According the Chicago Style Manual (16th ed.), "The order in which they appear will vary slightly according to type of book, and certain elements are sometimes omitted."
1. Author: full name of author(s) or editor(s) or, if no author or editor is listed name of institution standing in their place.
2. Title: full title of the book including subtitle if there is one.
3. Editor, compiler, or translator, if any if listed on title page in addition to author.
4. Edition, if not the first.
5. Volume: total number of volumes if multivolume work is referred to as a whole; individual number is single volume of multivolume work is cited, and title of individual volume if applicable.
6. Series title if applicable, and volume number within series if series is numbered.
7. Facts of publication: city, publisher, and date.
8. Page number or numbers if applicable.
9. For electronic books consulted online, a URL, or DOI, or for other types of electronic books, an indication of the medium consulted (e.g., DVD, CD-ROM, Database name)
One author:
Clothier, Suzanne. Bones would Rain from the Sky: Deepening Our Relationships with Dogs. New York: Warner Books, 2002.
One editor:
Smith, Nicole, ed. How to Fix Absolutely Anything: A Homeowner's Guide. New York: Skyhorse Publishing, 2014.
Translated:
Hitler, Adolf. Mein Kampf. Translated by Ralph Manheim. Boston: Houghton Mifflin, 1971.
Multiple authors (list up to 10 authors):
Kristof, Nicholas D., and Sheryl WuDunn. Half the Sky: Turning Oppression into Opportunity for Women Worldwide. New York: Alfred A. Knopf, 2009.
Multiple editors (list up to 10 editors):
Kechum, Richard M., and J. H. Plumb, eds. The Horizon Book of the Renaissance. New York: American Heriage Publishing, Co., 1961.
Corporate author:
Commission on the Bicentennial of the United States Consititution. The Bill of Rights and Beyond, 1791-1991. Washington, D.C.: Commission on the Bicentennial of the United States Consititution, 1991.
Edition:
University of Chicago Press. The Chicago Manual of Style. 16th ed. Chicago: University of Chicago Press, 2010.
No author (start with the title of the book):
The Little Red Book. Rev. ed. Center City, MN: Hazelden, 1987.
eBook from a database with permanent URL access:
Gupta, Ravi, and Hugh Brooks. Using Social Media for Global Security. New York: John Wiley & Sons, 2013. http://site.ebrary.com/lib/dixie/detail.action?docID=10653846&p00=social+media.
eBook from a database:
Cowie, Fiona. What's Within?: Nativism Reconsidered. New York: Oxford University Press, 1999. Accessed March 4, 2015. EBSCOhost Books.
eBook from a website:
Twain, Mark. Adventures of Huckleberry Finn (Tom Sawyer's Comrade). New York: Charles L. Webster and Co., 1885. http://www.gutenberg.org/files/76/76-h/76-h.htm.
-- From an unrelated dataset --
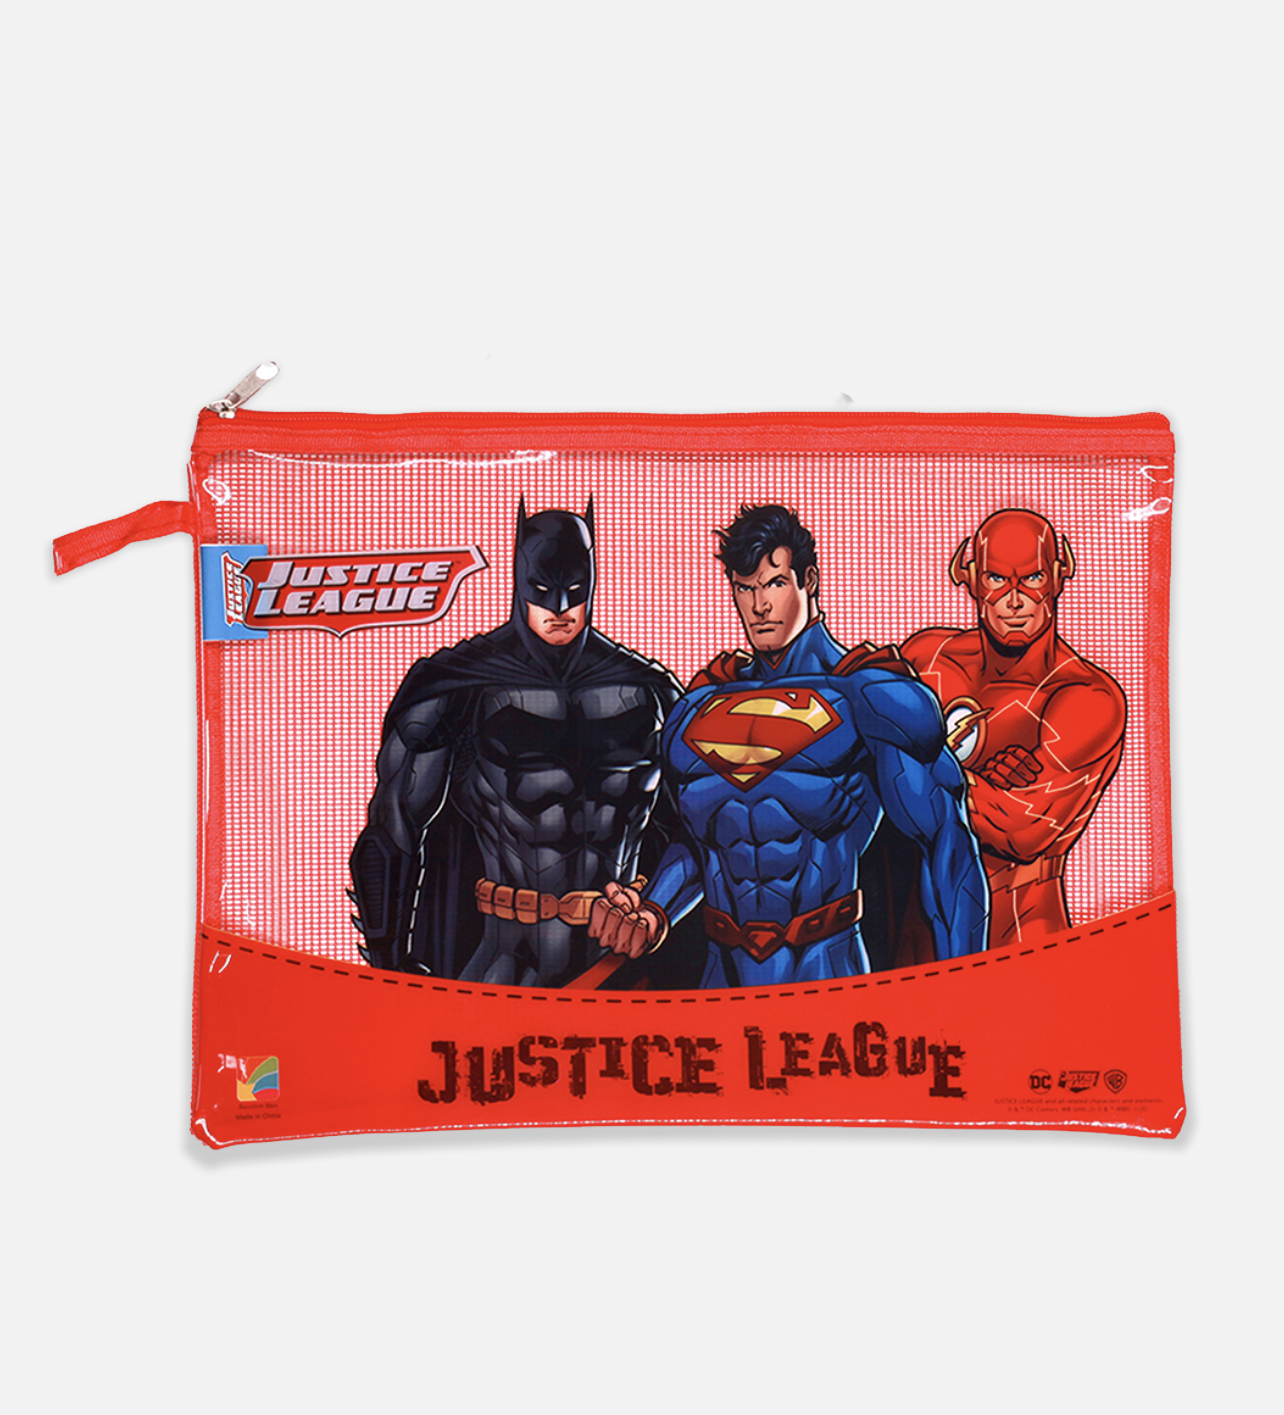 Justice league - file
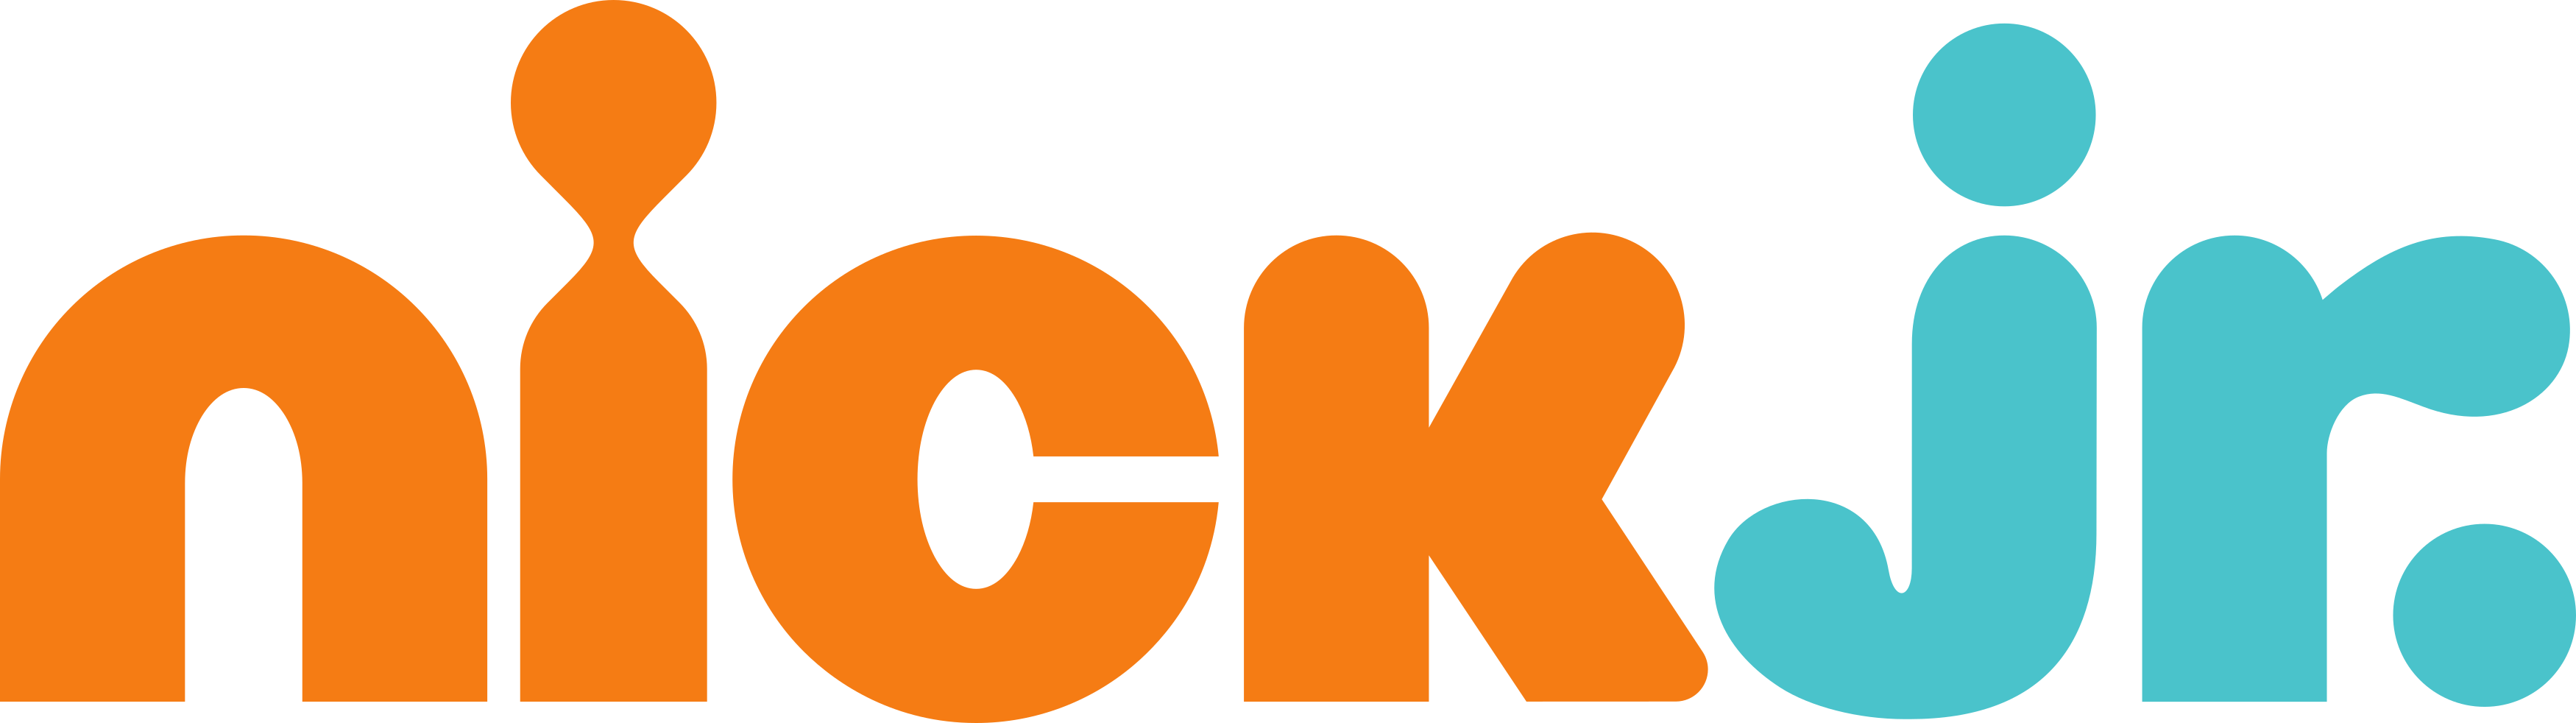 nick jr logo - Nick Jr Logo

eBook downloaded from a Kindle:
Austen, Jane. Pride and Prejudice. New York: Penguin Classics, 2007. Kindle edition.
eBook with DOI:
Antokoletz, Elliot. Musical Symbolism in the Operas of Debussy and Bartok. New York: Oxford University Press, 2008. Accessed March 10, 2010. http://doi.org/10.1093/acprof:oso/9780195365825.001.0001.
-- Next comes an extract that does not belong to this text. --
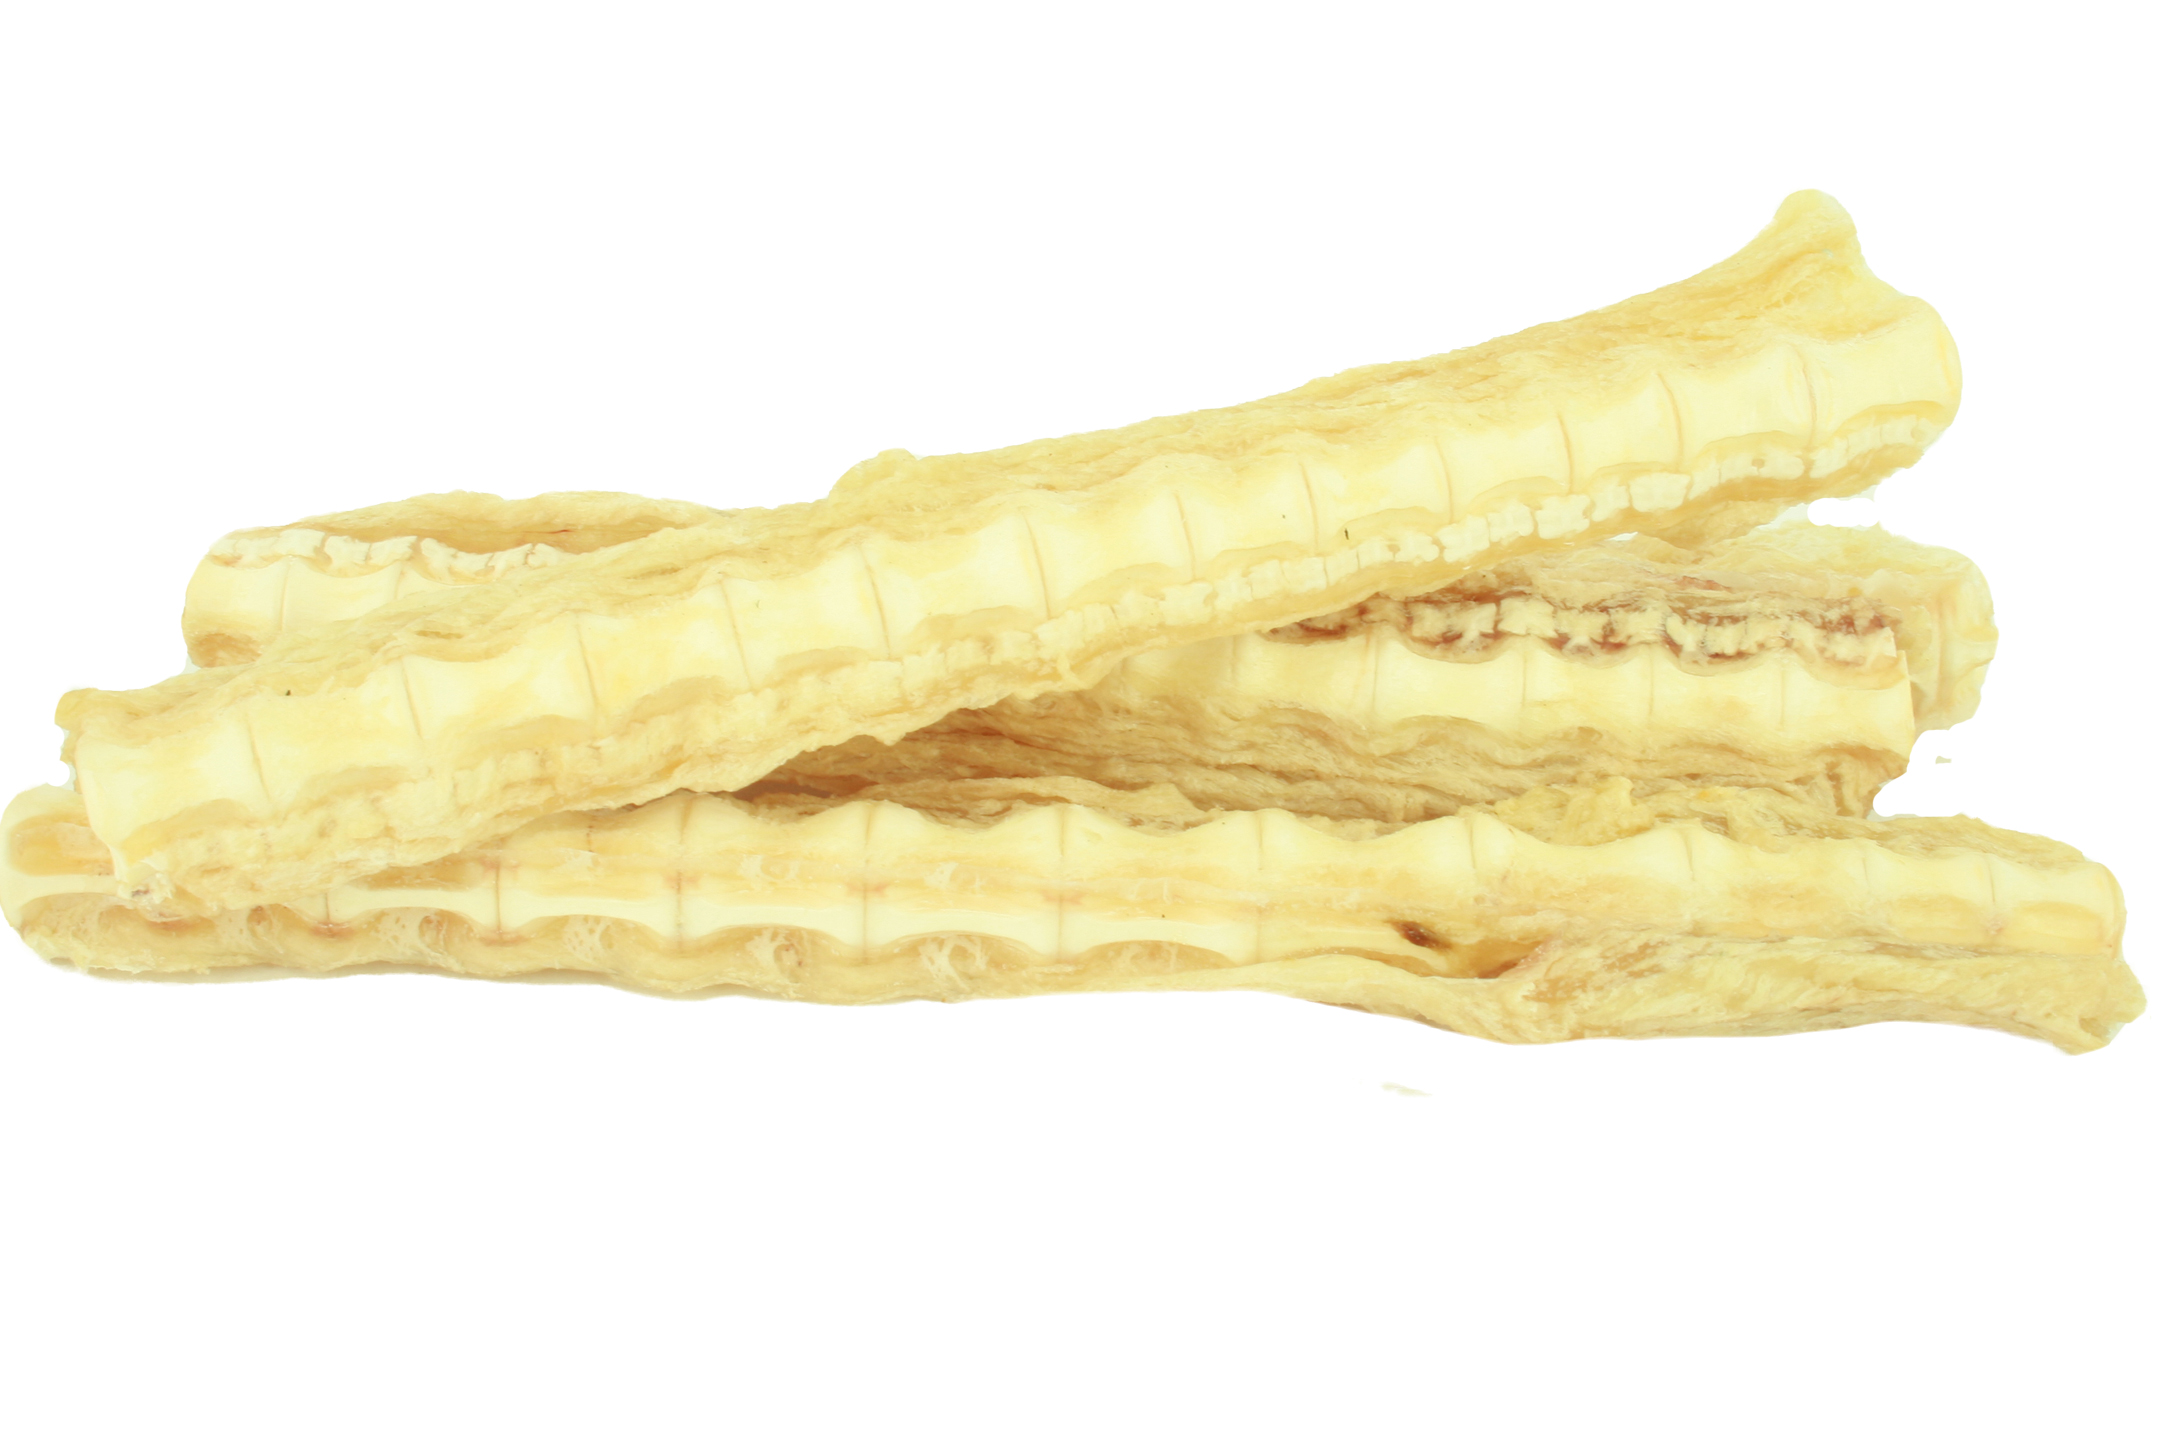 派脆 澳洲珍味鯊魚軟骨1kg
Shark Cartilage 1kg

Chapter or other part of a book:
Kelly, John D. “Seeing Red: Mao Fetishism, Pax Americana, and the Moral Economy of War.” In Anthropology and Global Counterinsurgency, edited by John D. Kelly, Beatrice Jauregui, Sean T. Mitchell, and Jeremy Walton, 67–83. Chicago: University of Chicago Press, 2010.
Chapter of an edited volume originally published elsewhere (as in primary sources):
Cicero, Quintus Tullius. “Handbook on Canvassing for the Consulship.” In Rome: Late Republic and Principate, edited by Walter Emil Kaegi Jr. and Peter White. Vol. 2 of University of Chicago Readings in Western Civilization, edited by John Boyer and Julius Kirshner, 33–46. Chicago: University of Chicago Press, 1986. Originally published in Evelyn S. Shuckburgh, trans., The Letters of Cicero, vol. 1 (London: George Bell & Sons, 1908).
Preface, foreword, introduction, or similar part of a book:
Rieger, James. Introduction to Frankenstein; or, The Modern Prometheus, by Mary Wollstonecraft Shelley, xi–xxxvii. Chicago: University of Chicago Press, 1982.
Trombetta, Domenico Luca. "Early Music Influences in Paul Hindemith's Compositions for the Viola." DMA thesis, James Madison University, 2014.